Among the three categories described in Fig. 1, the neuroactive lipid-based cannabis-responsive biomarker LysoPE(18:1) was the only distinguishing factor in all 3 categories (ASD PRE/ASD PEAK, ASD PRE and ASD PEAK and TD/ASD PRE/ASD PEAK), which may indicate a partial impact of MC treatment on important ASD underlying conditions. Abnormal levels of LysoPE(18:1) detected in the hippocampus of rats were previously suggested as an indicator of postischemic cognitive impairment18. The endocannabinoid AEA was the only metabolite distinguishing factor in the categories ASD PRE/ASD PEAK and ASD PRE and ASD PEAK but not the TD group. AEA responds to MC similarly to all the other metabolites and overlapped at least 2 categories described in Fig. 1B by decreasing the large sample distribution range detected at PRE to the small distribution range obtained in the TD group.

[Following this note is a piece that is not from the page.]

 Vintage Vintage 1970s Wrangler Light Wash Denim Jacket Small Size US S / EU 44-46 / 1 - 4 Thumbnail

This tighter distribution at PEAK suggests down-regulation of the endocannabinoid AEA in response to cannabinoid treatment, potentially suggesting improved ECS tone. Our observations further support Di Marzo et al.19 in which repeated treatment with THC reduced the AEA biosynthetic precursor N-arachidonoylphosphatidylethanolamine (NArPE) content and signaling in the striatum of rats.

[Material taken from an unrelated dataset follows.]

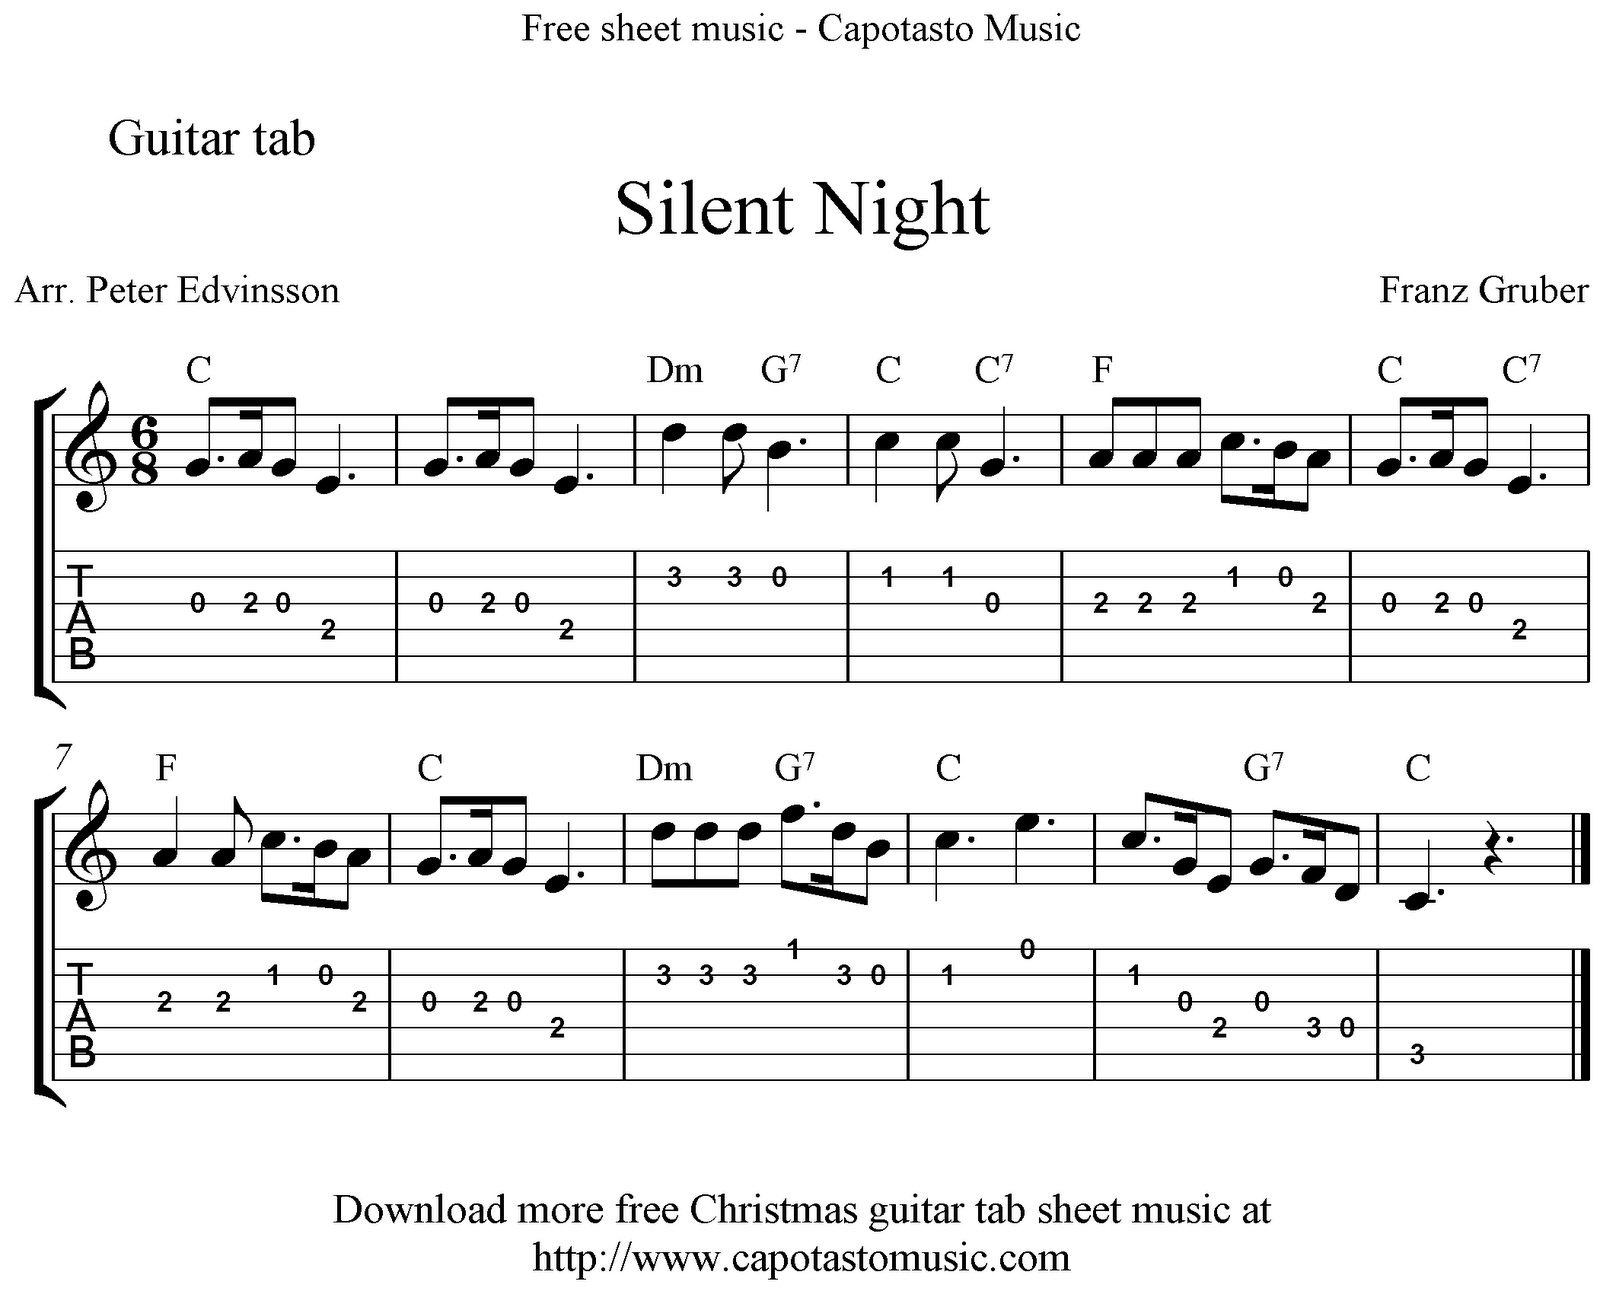 Silent Night, Easy Free Christmas Guitar Tab Sheet Music - Free Printable Guitar Tabs For Beginners

Within the unique metabolites obtained specifically in the ASD PRE/ASD PEAK or the ASD PRE and ASD PEAK category, only palmitoyl-carnitine, HBA, HVA and cortisol met the cannabis-responsive biomarker criteria previously reported (Siani-Rose et al.14, Supp 1), while all the others were identified in our previous study but did not meet the first criteria, namely present in 60% or more children14. For example, DHEA-S associated with aggression in psychiatric disorders20 was detected at high levels only in young adolescents (11–12 years old boys).

Non-cannabinoid plant phytochemicals with potential entourage effects

The ability to identify metabolites distinguishing TD/ASD PRE/ASD PEAK allowed us to associate known plant phytochemicals with successful MC treatment observed by parental evaluation and previously reported in Siani-Rose et al.14 Supp 3. Phytochemicals are secondary plant metabolites such as polyphenols (e.g. flavonoids), terpenoids (e.g.carotenoids) and phytosterols (e.g. sterols) with medicinal properties such as anti-inflammatory, antioxidant and antibacterial21. The cannabis monoterpenes such as limonene, myrcene, and linalool, that share the common C-10 precursor geranyl diphosphate (GPP) with CBGA, are considered to provide a phytocannabinoid-terpenoid synergistic effect known as the entourage effect16. In this study, we have identified 7 plant-based molecules, all dietary phytochemicals from 3 groups all previously reported to inhibit acetylcholinesterase: polyphenols (flavone22, rutin23, vitexin24 and naringenin25), terpenoids (zeaxanthin26 and corosolic acid27) and phytosterols (sitosterol27) (Fig. 2A,B). Since 6 phytochemicals (flavone, rutin, vitexin, naringenin, zeaxanthin and sitosterol) were not detected in the TD group and exhibited increased levels at PEAK, it is possible to characterize this acetylcholinesterase (AChE) inhibition activity as an entourage effect. In this respect, AChE inhibition by the drug galantamine was previously reported to effectively reduce irritability and lethargy/social withdrawal in children with ASD28.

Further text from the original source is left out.